[Data extracted from a collection]
# # # #
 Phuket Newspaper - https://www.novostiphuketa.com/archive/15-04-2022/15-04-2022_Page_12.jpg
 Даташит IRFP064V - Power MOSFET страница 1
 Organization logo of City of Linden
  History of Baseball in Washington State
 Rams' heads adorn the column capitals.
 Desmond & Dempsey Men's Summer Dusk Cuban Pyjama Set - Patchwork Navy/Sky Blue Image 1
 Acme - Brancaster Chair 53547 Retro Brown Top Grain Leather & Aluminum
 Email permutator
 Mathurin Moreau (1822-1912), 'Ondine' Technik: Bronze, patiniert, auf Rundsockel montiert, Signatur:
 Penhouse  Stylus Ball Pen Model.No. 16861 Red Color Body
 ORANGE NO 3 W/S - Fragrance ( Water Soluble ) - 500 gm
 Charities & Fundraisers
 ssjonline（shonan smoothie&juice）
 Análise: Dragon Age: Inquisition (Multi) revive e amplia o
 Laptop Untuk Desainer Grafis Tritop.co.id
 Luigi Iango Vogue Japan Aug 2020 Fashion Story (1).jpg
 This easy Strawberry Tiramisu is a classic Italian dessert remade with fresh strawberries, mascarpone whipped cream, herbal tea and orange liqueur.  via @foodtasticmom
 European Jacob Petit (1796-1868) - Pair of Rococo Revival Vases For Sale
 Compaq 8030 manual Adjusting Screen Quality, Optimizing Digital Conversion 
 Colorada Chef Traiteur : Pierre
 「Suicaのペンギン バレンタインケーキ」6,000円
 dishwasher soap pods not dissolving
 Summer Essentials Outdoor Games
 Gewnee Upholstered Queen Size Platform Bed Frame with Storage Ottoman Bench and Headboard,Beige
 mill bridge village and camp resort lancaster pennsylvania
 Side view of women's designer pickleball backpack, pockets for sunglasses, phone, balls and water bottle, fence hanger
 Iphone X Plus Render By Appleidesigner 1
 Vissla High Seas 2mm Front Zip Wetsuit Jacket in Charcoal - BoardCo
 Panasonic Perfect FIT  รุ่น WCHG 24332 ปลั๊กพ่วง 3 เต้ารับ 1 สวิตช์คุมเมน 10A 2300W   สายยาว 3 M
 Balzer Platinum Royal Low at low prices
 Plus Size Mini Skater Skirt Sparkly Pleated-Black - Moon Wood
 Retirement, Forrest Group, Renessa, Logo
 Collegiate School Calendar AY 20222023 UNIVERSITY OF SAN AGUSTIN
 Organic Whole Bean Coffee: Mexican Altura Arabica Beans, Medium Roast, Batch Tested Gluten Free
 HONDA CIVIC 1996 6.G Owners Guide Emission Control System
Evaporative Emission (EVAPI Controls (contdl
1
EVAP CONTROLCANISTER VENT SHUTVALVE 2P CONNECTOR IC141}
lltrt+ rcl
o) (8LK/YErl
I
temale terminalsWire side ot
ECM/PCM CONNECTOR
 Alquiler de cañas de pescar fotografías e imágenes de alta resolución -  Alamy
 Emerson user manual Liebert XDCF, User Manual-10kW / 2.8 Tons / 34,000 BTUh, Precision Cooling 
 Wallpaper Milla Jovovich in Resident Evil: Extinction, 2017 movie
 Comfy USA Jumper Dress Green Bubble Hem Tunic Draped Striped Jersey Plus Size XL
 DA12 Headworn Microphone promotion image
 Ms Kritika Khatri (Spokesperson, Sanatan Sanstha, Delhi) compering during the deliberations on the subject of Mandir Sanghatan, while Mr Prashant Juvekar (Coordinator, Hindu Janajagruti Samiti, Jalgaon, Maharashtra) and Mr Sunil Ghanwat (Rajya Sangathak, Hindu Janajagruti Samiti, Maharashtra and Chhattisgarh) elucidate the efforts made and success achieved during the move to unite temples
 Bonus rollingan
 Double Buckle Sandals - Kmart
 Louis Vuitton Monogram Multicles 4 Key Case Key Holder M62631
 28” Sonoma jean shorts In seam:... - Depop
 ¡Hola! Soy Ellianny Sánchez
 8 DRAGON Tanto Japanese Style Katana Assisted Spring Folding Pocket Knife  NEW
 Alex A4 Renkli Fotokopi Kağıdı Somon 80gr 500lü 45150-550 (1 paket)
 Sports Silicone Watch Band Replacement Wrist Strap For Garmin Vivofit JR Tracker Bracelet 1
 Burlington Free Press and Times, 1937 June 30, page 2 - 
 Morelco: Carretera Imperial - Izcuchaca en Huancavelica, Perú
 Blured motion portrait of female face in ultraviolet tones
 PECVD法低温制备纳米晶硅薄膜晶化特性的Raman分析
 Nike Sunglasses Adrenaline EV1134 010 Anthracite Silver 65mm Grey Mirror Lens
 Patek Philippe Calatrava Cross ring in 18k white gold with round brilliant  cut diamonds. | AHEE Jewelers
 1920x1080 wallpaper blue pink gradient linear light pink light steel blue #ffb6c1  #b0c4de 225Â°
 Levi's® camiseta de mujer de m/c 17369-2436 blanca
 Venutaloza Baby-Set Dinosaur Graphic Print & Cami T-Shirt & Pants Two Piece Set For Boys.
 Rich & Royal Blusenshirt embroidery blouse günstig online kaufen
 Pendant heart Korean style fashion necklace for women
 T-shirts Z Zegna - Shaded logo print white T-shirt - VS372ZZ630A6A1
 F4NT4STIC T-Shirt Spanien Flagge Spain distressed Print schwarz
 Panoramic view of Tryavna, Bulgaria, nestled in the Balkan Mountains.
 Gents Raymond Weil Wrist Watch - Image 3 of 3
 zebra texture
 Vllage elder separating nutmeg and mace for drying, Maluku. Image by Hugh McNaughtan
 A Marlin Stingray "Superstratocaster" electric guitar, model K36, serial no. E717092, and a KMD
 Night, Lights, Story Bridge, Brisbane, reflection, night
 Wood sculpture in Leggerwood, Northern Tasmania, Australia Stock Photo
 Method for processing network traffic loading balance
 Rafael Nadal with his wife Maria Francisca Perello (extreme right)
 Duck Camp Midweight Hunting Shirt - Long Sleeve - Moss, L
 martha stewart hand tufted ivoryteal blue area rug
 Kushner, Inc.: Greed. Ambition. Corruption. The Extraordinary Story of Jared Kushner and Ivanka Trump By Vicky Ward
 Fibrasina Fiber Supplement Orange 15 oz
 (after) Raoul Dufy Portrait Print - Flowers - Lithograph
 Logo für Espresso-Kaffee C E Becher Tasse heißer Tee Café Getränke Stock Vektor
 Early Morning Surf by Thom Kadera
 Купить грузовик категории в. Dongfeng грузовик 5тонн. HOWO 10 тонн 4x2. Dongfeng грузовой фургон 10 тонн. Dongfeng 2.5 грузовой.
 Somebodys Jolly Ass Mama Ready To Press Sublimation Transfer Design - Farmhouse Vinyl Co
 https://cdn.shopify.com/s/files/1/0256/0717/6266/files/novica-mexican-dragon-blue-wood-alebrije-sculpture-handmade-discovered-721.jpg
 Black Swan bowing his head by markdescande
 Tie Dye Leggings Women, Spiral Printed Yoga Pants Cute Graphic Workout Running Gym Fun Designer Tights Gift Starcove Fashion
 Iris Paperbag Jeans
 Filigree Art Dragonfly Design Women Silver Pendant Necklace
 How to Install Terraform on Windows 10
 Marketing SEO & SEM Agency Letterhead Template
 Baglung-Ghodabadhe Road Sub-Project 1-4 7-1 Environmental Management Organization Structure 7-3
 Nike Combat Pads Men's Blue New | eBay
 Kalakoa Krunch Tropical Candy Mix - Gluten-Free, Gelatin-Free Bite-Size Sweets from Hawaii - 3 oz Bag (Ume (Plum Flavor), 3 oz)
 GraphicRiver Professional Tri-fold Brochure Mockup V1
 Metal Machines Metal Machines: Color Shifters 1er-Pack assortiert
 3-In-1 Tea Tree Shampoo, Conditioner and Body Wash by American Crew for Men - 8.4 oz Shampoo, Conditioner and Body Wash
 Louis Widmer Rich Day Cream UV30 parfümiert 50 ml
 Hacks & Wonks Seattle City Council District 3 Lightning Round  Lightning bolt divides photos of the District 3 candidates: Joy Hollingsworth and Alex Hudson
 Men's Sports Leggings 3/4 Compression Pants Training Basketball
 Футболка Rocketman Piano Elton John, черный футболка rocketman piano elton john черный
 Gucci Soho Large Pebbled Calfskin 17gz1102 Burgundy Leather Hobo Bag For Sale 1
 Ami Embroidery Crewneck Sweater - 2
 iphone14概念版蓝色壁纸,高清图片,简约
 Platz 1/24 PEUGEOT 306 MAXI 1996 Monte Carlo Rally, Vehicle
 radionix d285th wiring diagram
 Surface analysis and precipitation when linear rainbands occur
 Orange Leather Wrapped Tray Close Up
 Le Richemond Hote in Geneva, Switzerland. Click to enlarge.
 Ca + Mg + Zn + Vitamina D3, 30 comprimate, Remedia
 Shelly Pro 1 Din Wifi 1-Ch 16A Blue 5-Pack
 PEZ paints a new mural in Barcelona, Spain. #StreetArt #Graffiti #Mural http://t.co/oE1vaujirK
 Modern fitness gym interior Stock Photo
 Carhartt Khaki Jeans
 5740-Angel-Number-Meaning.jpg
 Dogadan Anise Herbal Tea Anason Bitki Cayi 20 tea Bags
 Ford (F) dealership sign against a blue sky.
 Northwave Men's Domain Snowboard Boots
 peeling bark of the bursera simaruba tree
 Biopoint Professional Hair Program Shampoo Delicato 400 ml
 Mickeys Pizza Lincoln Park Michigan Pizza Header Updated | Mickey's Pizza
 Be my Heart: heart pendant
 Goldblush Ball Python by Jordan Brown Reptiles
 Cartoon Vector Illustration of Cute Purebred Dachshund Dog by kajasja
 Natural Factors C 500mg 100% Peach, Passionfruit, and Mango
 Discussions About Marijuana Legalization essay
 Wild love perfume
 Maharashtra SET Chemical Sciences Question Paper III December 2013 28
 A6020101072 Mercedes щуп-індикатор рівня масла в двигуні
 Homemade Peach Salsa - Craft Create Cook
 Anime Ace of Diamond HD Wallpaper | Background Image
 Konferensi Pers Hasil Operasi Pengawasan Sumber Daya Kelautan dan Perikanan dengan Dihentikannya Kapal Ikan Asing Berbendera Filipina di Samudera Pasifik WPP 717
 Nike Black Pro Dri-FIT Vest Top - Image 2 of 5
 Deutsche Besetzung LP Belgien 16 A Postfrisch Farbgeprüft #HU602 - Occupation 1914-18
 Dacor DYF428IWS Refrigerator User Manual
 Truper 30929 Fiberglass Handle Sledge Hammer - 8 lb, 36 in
# # # #
Out of the entries above, write out only the lines between the line holding "Rams' heads adorn the column capitals." and the line holding "Red Color Body", inclusive, each exactly as given.

 Rams' heads adorn the column capitals.
 Desmond & Dempsey Men's Summer Dusk Cuban Pyjama Set - Patchwork Navy/Sky Blue Image 1
 Acme - Brancaster Chair 53547 Retro Brown Top Grain Leather & Aluminum
 Email permutator
 Mathurin Moreau (1822-1912), 'Ondine' Technik: Bronze, patiniert, auf Rundsockel montiert, Signatur:
 Penhouse  Stylus Ball Pen Model.No. 16861 Red Color Body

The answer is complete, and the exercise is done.